# Is there some history behind 그-



## Jgon

Is there linguistic history behind words starting with 그? Maybe it was derived from a Chinese character that meant something?

Words like:
그럼
그렇지만
그런데
그댄
그러나


----------



## Kross

I have never thought about that growing up and learning the language. Since all of the adverbs on the list above don't seem to have their Chinese characters in the Korean dictionary, it would be wiser and more believable not to think they come from the common ground, 그. But it's just my pure speculation, let's see what others think of this.


----------



## Environmentalist

Here is my two cents.
I'm not good at Korean grammar but this is my best guess.

그럼, 그렇지만 그런데, 그러나 these words have the same prefix '그러하(다)~'.

그러하면(origin) -> 그러면(variation)  -> 그럼
그러하지만(origin)  -> 그렇지만
그러한데(origin) -> 그런데
그러하나(origin) -> 그러나

Let's talk about '그러하다'.
It is not easy for me to explain the meaning of '그러하다' in English.
I believe it can be translated like 'being so' or 'being like that'.

Let's take 그러나 as an example here.
It originated from 그러하나.
(Honestly, I'm not 100% sure if 그러나 is just a shortened version of 그러하나 or it has been changed from 그러하나 over time, but it's true that 그러하나 sounds very archaic.)
I will use 그러하나 in the following sentence.
'날씨가 완벽해. 그러나/그러하나 난 나가고 싶지 않아.'
= 'The weather is perfect. But I don't feel like going out.' (그러나)
= 'The weather is perfect. Though the weather is like that, I don't feel like going out.' (그러하나 = 날씨가 그러하나 = 날씨가 완벽하나)
I know no one talks like the second sentence, but I just wanted to show the way 그러하나 works in a sentence.

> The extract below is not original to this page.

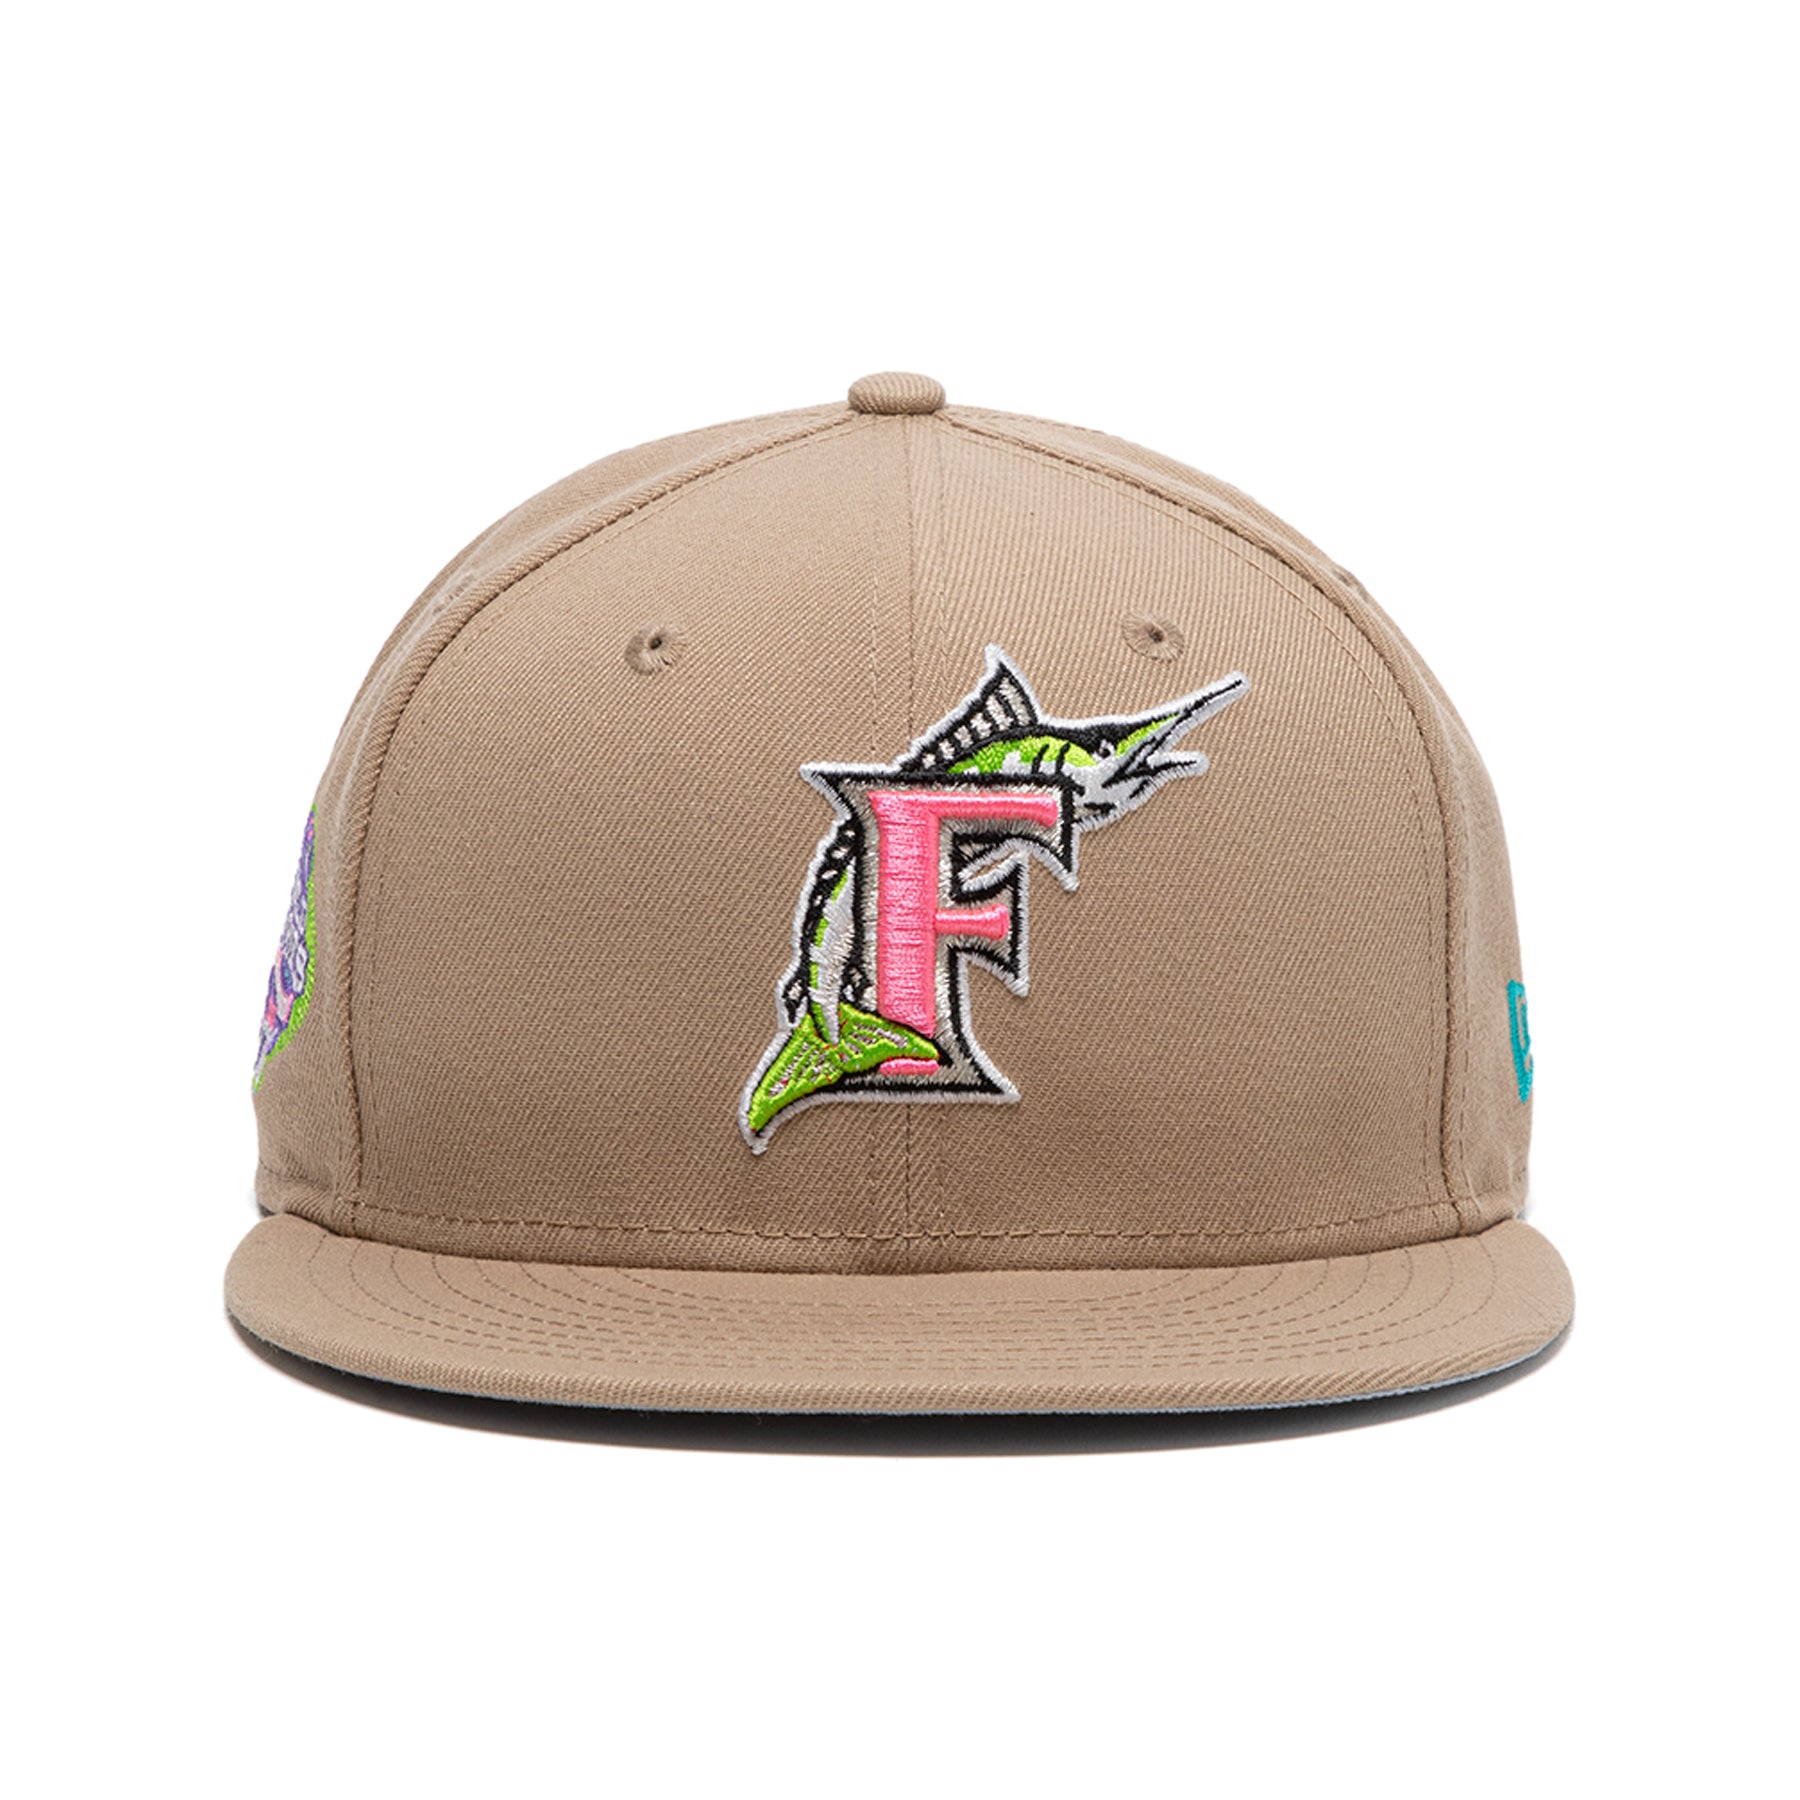 Concepts x New Era 59FIFTY Florida Marlins Fitted Hat (Camel/Grey) 7 1/4

This is all I can give you regarding the prefix '그' in adverbs and conjunctions.


----------



## Rance

Environmentalist said:


> Let's take 그러나 as an example here.
> It originated from 그러하나.
> (Honestly, I'm not 100% sure if 그러나 is just a shortened version of 그러하나 or it has been changed from 그러하나 over time, but it's true that 그러하나 sounds very archaic.)
> I will use 그러하나 in the following sentence.
> '날씨가 완벽해. 그러나/그러하나 난 나가고 싶지 않아.'
> = 'The weather is perfect. But I don't feel like going out.' (그러나)
> = 'The weather is perfect. Though the weather is like that, I don't feel like going out.' (그러하나 = 날씨가 그러하나 = 날씨가 완벽하나)
> I know no one talks like the second sentence, but I just wanted to show the way 그러하나 works in a sentence.



You are one third right. 
It has 3 different meanings.
1. (when used as conjunctive adverb) but, however
2. shortened version of 그*리*하나
3. shortened version of 그*러*하나

In your example, you are trying to replace 그러나, which is used as a conjunctive adverb, with 그러하나.
날씨가 그러하나 is fine, but 그러하나 itself without a subject is not.

A) 날씨가 완벽해. *그러나* 난 나가고 싶지 않아. (O)
B) 날씨가 완벽해. *그러하나* 난 나가고 싶지 않아. (X)
C) 날씨가 *그러하나* 난 나가고 싶지 않아. (O)
D) 날씨가 *그러나* 난 나가고 싶지 않아. (O)

A is different from the rest and C & D have same meaning.


Regardless, I agree with Environmentalist's opinion. 
Some of those words listed are often used as shortened conjugated form of 그러하다.

그러나 = 그러하나
그런데 = 그러한데
그럼 = 그러면 = 그러하면

It's possible they eventually evolved out to have distinct use as conjunctive adverbs.

그댄 doesn't sound like associated with 그러하다 by any means.
그렇지만 might be associated with 그러하지만 but it's not listed on Naver Dictionary.


----------



## Jgon

Very interesting 

Thank you very much~


----------



## RadkeRonnie

I'm not a linguist, but it seems like there are three syllables that show up in similar sounding words: 이, 그 and 저. In addition to their roles as determiners, there's 여기, 거기, 저기, plus 이렇다, 그렇다, 저렇다, plus 이리, 그리, 저리, plus 이토록, 그토록, 저토록. I'd be surprised if this were a coincidence. 

According to http://krdic.naver.com/rescript_detail.nhn?seq=6654, 그대 comes from the same 그, and 그댄 is 그대는 shortened.


----------